##### INFORMATION PROVIDED

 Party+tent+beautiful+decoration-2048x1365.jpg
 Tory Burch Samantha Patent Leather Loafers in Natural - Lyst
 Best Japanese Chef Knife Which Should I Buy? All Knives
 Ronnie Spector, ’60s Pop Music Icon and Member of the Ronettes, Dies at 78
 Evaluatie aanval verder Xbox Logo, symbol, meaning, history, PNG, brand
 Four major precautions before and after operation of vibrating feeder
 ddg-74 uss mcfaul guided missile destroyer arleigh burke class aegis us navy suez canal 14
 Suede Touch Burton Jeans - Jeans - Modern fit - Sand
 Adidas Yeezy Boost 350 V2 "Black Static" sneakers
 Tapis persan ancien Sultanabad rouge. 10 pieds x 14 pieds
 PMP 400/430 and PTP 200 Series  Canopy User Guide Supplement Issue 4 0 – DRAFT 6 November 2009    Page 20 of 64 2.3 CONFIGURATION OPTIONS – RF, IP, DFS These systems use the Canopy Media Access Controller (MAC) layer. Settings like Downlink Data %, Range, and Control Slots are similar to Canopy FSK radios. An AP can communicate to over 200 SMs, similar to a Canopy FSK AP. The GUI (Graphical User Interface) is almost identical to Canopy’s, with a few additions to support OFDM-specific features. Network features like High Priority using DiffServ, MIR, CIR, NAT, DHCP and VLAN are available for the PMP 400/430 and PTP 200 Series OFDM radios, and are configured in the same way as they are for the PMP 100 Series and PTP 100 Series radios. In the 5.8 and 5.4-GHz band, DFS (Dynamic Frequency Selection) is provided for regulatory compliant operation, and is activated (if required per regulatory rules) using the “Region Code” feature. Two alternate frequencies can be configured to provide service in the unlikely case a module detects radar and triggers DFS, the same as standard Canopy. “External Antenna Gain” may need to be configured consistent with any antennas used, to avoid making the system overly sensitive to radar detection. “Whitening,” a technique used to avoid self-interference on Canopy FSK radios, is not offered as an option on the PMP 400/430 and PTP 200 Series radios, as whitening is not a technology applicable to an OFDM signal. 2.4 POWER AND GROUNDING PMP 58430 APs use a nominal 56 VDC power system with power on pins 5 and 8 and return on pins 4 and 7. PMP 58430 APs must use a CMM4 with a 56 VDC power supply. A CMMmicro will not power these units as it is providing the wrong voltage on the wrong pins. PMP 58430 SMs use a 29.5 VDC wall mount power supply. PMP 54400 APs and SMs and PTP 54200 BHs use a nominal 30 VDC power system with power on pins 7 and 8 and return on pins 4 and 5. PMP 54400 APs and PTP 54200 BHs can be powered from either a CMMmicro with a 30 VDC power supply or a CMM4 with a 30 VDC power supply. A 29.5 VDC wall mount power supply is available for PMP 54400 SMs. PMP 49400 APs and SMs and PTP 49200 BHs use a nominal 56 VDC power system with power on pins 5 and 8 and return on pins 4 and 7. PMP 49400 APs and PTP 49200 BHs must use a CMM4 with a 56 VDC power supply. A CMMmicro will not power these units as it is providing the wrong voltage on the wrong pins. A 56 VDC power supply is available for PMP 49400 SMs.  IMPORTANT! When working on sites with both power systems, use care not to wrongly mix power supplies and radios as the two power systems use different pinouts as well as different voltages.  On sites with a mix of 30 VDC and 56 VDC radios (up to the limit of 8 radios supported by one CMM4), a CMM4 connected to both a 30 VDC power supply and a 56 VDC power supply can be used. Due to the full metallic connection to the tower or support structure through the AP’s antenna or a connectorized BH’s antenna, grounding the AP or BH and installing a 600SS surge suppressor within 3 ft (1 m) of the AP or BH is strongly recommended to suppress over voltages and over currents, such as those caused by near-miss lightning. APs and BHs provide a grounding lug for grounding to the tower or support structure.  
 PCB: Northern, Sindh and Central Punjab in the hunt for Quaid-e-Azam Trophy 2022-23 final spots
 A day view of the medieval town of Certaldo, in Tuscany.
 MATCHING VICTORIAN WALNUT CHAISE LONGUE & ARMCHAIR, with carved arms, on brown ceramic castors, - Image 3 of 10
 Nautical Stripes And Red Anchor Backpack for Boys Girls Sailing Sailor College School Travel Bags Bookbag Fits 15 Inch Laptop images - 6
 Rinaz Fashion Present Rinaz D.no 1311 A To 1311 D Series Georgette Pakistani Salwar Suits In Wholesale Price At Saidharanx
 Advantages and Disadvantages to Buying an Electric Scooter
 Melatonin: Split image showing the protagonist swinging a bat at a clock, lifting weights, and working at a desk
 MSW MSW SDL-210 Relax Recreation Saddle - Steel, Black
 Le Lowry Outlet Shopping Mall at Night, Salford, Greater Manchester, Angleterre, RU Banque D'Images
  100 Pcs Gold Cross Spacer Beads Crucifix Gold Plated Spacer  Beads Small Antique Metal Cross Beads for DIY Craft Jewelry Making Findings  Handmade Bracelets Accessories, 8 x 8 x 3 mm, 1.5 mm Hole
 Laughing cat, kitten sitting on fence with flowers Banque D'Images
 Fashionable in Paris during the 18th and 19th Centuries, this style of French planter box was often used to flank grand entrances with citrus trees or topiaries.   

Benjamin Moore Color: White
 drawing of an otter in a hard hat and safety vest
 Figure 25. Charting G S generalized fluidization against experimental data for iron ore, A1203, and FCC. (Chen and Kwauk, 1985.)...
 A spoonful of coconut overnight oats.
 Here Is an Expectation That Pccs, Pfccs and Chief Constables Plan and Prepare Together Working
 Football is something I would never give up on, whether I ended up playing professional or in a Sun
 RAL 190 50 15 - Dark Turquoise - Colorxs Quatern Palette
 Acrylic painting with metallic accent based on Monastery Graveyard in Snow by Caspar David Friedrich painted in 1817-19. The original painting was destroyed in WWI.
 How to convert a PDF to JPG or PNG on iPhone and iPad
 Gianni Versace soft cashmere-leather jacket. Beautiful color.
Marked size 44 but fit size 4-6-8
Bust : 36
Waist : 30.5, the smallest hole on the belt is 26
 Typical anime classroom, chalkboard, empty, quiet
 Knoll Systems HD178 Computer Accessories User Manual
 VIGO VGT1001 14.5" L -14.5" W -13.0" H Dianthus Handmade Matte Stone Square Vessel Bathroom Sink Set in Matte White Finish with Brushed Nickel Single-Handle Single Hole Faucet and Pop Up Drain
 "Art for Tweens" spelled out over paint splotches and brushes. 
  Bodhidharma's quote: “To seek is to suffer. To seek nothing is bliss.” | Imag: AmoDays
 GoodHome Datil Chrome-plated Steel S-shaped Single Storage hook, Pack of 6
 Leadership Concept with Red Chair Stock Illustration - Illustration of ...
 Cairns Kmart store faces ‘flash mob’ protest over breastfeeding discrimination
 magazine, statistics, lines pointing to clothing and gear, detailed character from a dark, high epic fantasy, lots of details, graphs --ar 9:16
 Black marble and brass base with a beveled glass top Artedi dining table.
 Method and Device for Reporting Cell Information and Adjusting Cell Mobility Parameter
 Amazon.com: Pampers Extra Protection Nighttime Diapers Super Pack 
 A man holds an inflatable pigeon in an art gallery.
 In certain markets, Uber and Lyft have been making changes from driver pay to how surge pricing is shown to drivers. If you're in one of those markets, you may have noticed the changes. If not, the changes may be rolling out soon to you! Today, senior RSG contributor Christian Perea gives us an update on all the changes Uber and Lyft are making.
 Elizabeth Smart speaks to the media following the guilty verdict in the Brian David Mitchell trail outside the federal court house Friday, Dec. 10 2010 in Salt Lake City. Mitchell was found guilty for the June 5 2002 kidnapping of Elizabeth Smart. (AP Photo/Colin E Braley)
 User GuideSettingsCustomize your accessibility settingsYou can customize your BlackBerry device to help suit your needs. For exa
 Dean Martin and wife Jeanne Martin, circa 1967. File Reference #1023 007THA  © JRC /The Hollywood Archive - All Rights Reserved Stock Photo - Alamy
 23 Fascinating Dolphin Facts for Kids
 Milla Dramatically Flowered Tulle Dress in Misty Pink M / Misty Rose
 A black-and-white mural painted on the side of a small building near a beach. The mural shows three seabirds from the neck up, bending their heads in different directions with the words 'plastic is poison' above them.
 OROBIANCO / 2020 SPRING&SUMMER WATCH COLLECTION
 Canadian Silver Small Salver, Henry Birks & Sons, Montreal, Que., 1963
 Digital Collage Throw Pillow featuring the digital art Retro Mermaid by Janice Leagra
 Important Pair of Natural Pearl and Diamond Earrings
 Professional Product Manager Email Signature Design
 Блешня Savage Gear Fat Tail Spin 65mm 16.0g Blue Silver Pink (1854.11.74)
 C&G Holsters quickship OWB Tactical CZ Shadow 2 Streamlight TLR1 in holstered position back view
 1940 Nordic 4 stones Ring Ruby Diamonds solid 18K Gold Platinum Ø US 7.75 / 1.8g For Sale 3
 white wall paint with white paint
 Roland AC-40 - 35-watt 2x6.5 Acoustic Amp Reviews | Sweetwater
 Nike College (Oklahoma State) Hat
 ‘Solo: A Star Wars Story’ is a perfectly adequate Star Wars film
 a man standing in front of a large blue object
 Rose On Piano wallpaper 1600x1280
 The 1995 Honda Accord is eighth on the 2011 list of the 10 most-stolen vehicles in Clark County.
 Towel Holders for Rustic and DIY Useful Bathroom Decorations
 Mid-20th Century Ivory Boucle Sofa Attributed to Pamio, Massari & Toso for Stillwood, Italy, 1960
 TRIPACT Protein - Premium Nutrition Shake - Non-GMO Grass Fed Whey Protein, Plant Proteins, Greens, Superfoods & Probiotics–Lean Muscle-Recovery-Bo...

##########

__TASK STATEMENT__
Reproduce precisely, and with no line left out, each line from the top of the entries through the line that carries "Tapis persan ancien".

__RESULT OF THIS EXERCISE__
 Party+tent+beautiful+decoration-2048x1365.jpg
 Tory Burch Samantha Patent Leather Loafers in Natural - Lyst
 Best Japanese Chef Knife Which Should I Buy? All Knives
 Ronnie Spector, ’60s Pop Music Icon and Member of the Ronettes, Dies at 78
 Evaluatie aanval verder Xbox Logo, symbol, meaning, history, PNG, brand
 Four major precautions before and after operation of vibrating feeder
 ddg-74 uss mcfaul guided missile destroyer arleigh burke class aegis us navy suez canal 14
 Suede Touch Burton Jeans - Jeans - Modern fit - Sand
 Adidas Yeezy Boost 350 V2 "Black Static" sneakers
 Tapis persan ancien Sultanabad rouge. 10 pieds x 14 pieds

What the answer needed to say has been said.